PTC (Auxiliary) Heater for Quicker Heating in Winter

[piggoy]

My bad. I understand. The hot exhaust gases heat the coolant via the EGR cooler, so in theory the newer BLT engine should warm up quicker than the older ASZ. My vRS (BLT engine) already has the EGR cooler fitted and it still takes fecking ages to warm up on a cold icy morning. I'm hoping to discover a real benefit of retrofitting the PTC heater. Hopefully the windows will de-ice and de-mist within a minute. Once I've worked everything out and fitted successfully I'll post a proper guide.

[Breezy_Pete]

[snip] When originally fitted it will only draw what the alternator is able to supply after supplying all the other bits....[/snip]

I'm not sure that's true (but happy to be educated if there's something I'm missing). 

The wiring diagram I linked to above suggests that the three heater elements within the PTC heater are either on or off, as dictated by their relays, via ECU control. As far as I can see, there is no mechanism of giving them more or less current, just all or nothing, on or off.  What is available to give when switched on depends on the battery and its state of charge.

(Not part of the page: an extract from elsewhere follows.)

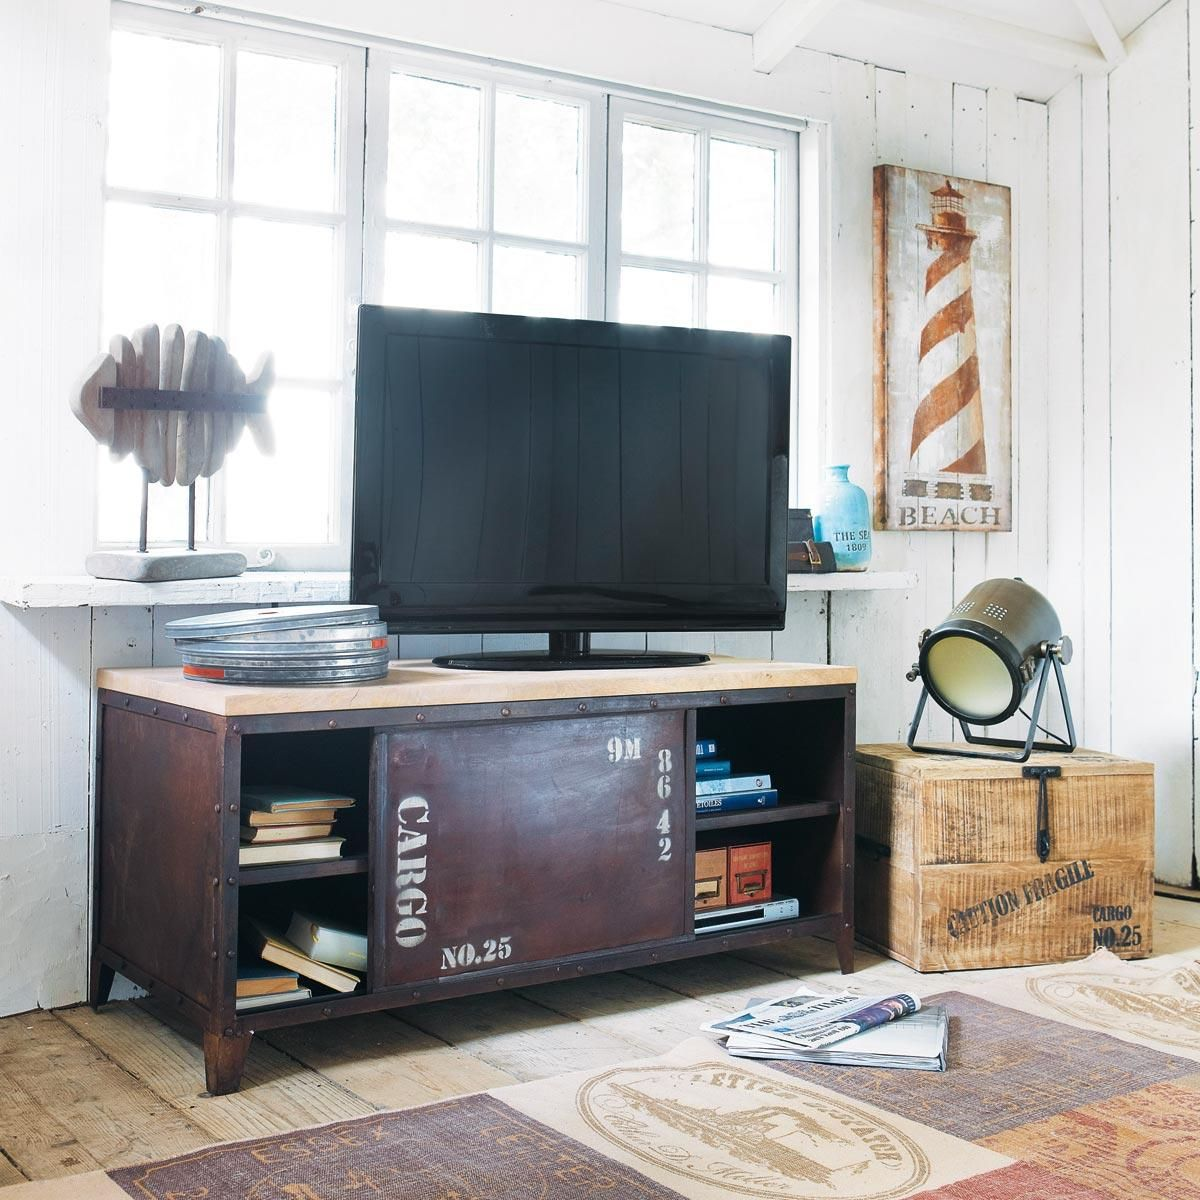 pesce decorativo lanester maisons du monde pinterest tela and tv stands. Black Bedroom Furniture Sets. Home Design Ideas

Sure, in the factory install the ECU knows the battery voltage, and so can inhibit the heater if it decides that's a good idea, but that is what piggoy's voltage-sensing comparator circuit is doing too (if it works as intended). As I understand it, if current draw from the battery exceeds current supply from the alternator, the battery terminal voltage drops in proportion, due to its internal resistance. This is why battery terminal voltage droops significantly when cranking from a cold start.  Starter current is huge, alternator is doing nothing or next to nothing, so lots of volt drop occurs across the battery's internal resistance, leaving less to appear across the terminals and starter motor.

[Phil-E]

Ah. I'm thinking of the other heater aren't I.

 

There are two. One that is controlled through relays by the ECU and another that is just wired with a + and - then wires into the CAN system. The car then tells it how much power it can draw.

 

Phil

[piggoy]

I measured the resistance to GND of each of the three heater elements using an calibrated resistance meter, taking into consideration probe contact resistance -

 

White wire - 0.7Ohm

Black wire - 0.7Ohm

Red wire - 0.5Ohm

 

I am presuming this is the cold resistance which can only increase as the temperature of the elements climb. Therefore maximum transient current on startup (@14.5 volts) -> IMax = (14.5 / 0.7) + (14.5 / 0.7) + (14.5 / 0.5) = 70.4A

 

I intend to test this theory with a 200A current source at my workplace, when I have access to it.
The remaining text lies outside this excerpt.